Dataset extract: Begin

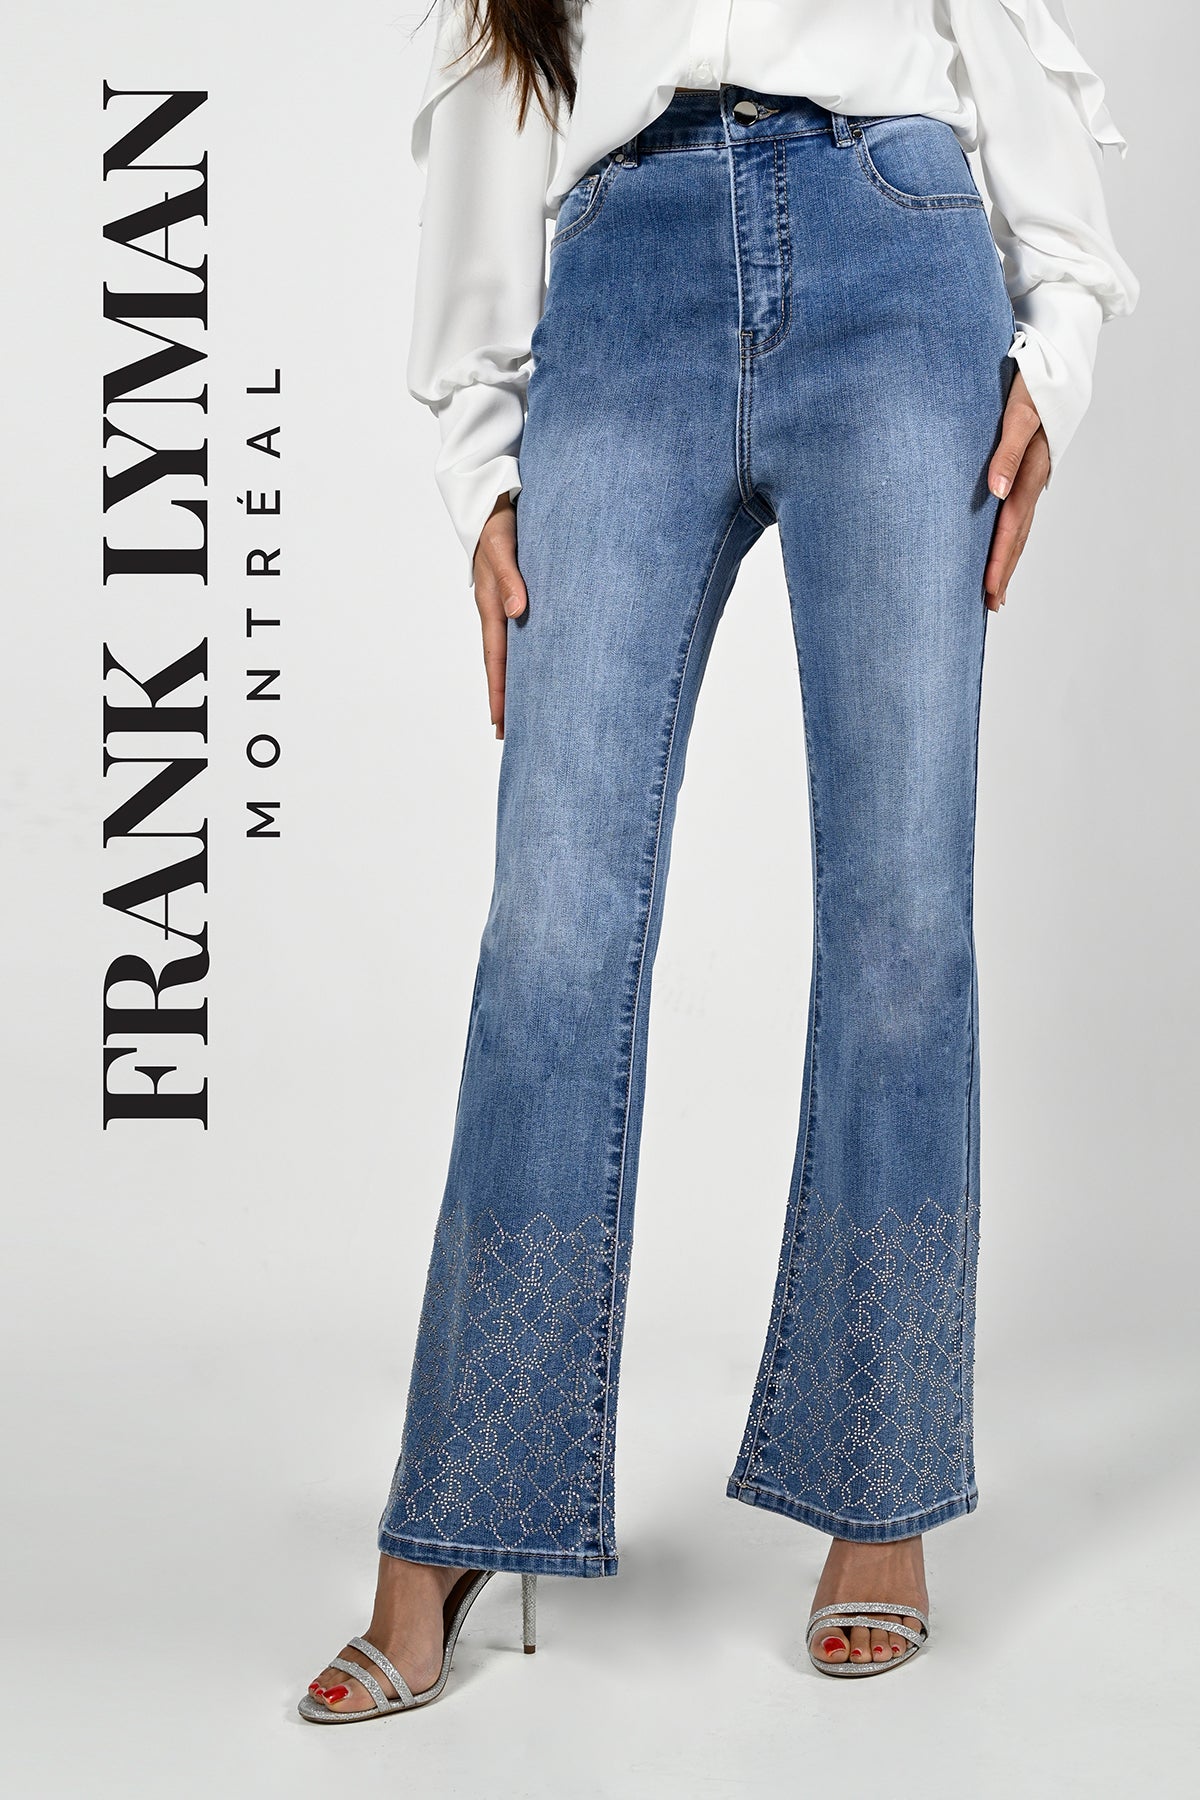 Frank Lyman Montreal Jeans-Frank Lyman Montreal Bootcut Jeans-Frank Lyman Montreal Online Denim Shop-Frank Lyman Montreal Fall 2022 Collection
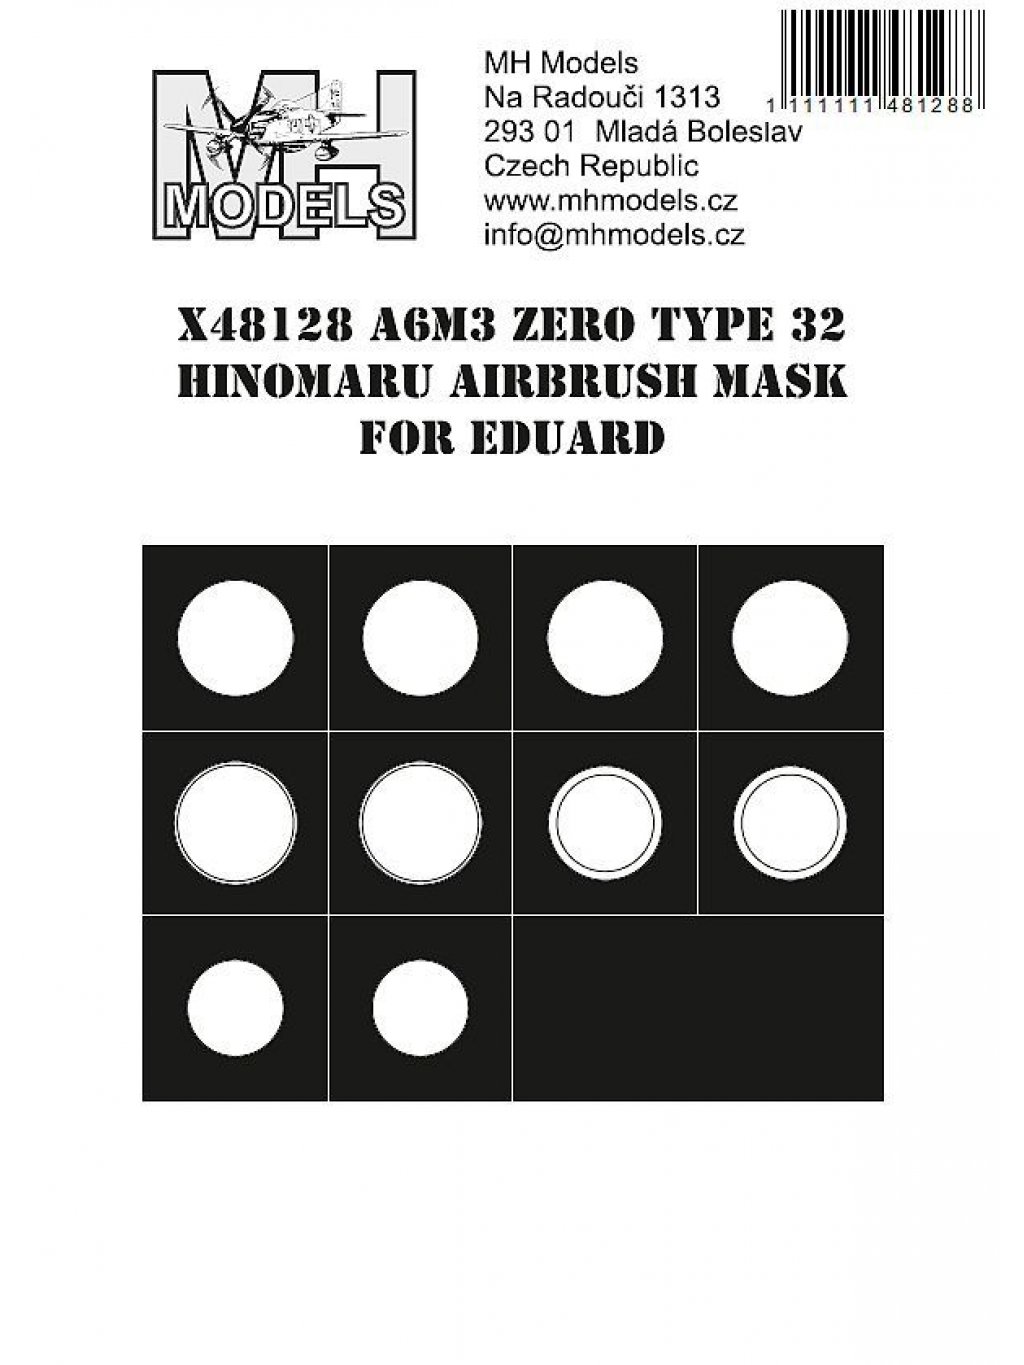 A6M3 Zero Type 32 Hinomaru airbrush mask for Eduard
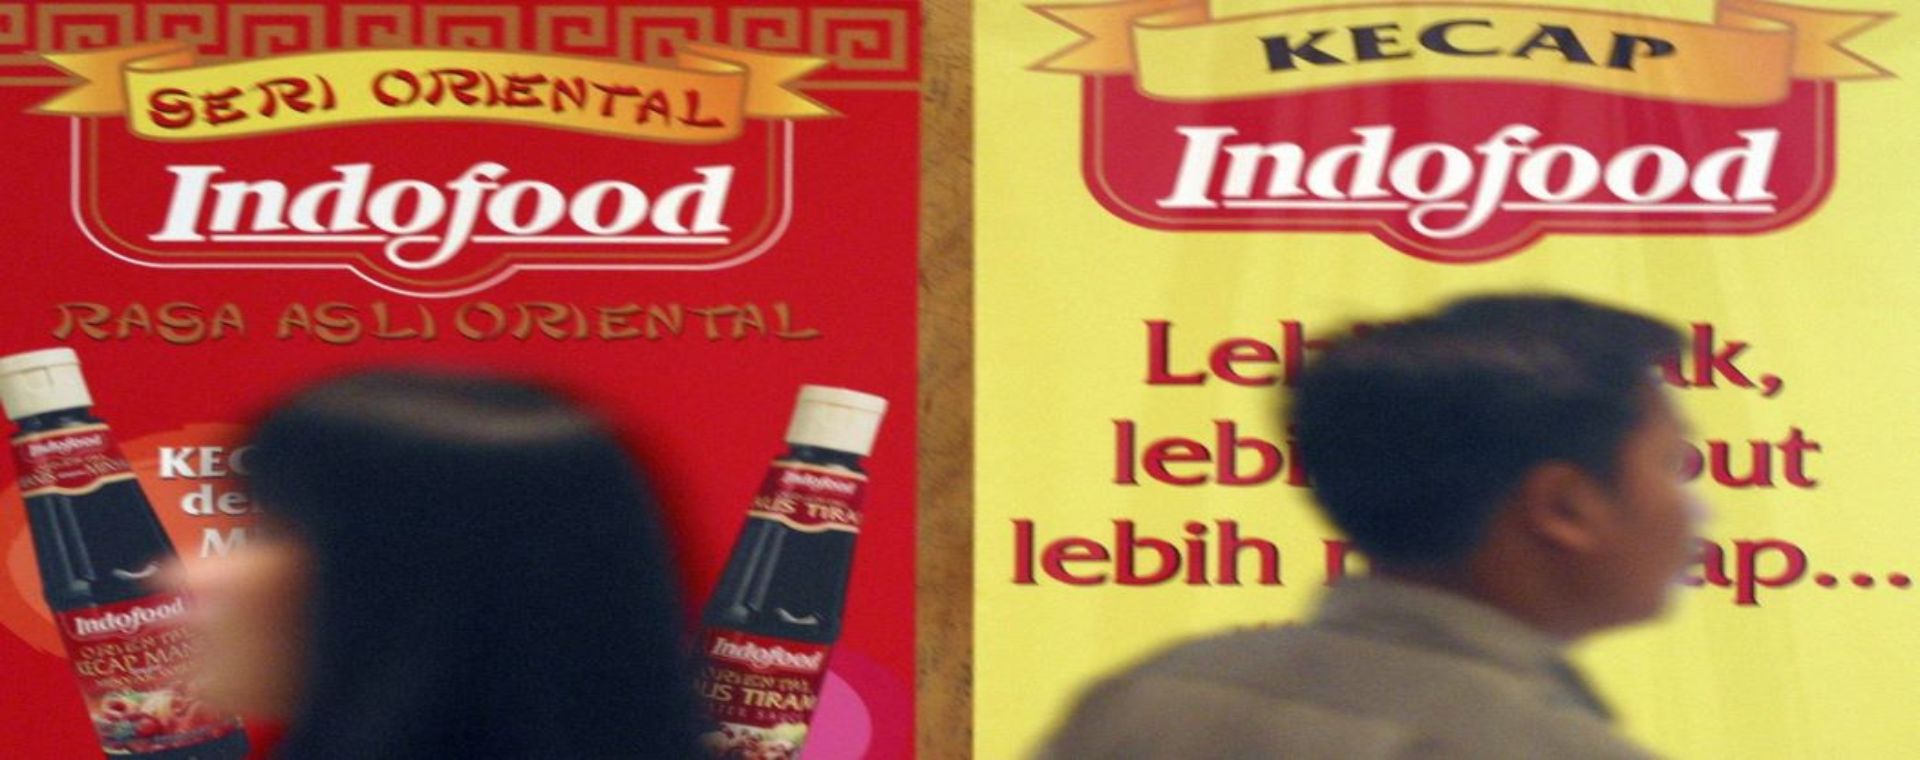  Historia Bisnis : Kala Indofood (INDF) Diminta Tunda Ekspansi

Dataset extract: End

* _What you are asked to do_
Repeat each line of the material exactly, please, and skip every picture.

* _Output of the exercise_
 Frank Lyman Montreal Jeans-Frank Lyman Montreal Bootcut Jeans-Frank Lyman Montreal Online Denim Shop-Frank Lyman Montreal Fall 2022 Collection
 A6M3 Zero Type 32 Hinomaru airbrush mask for Eduard
  Historia Bisnis : Kala Indofood (INDF) Diminta Tunda Ekspansi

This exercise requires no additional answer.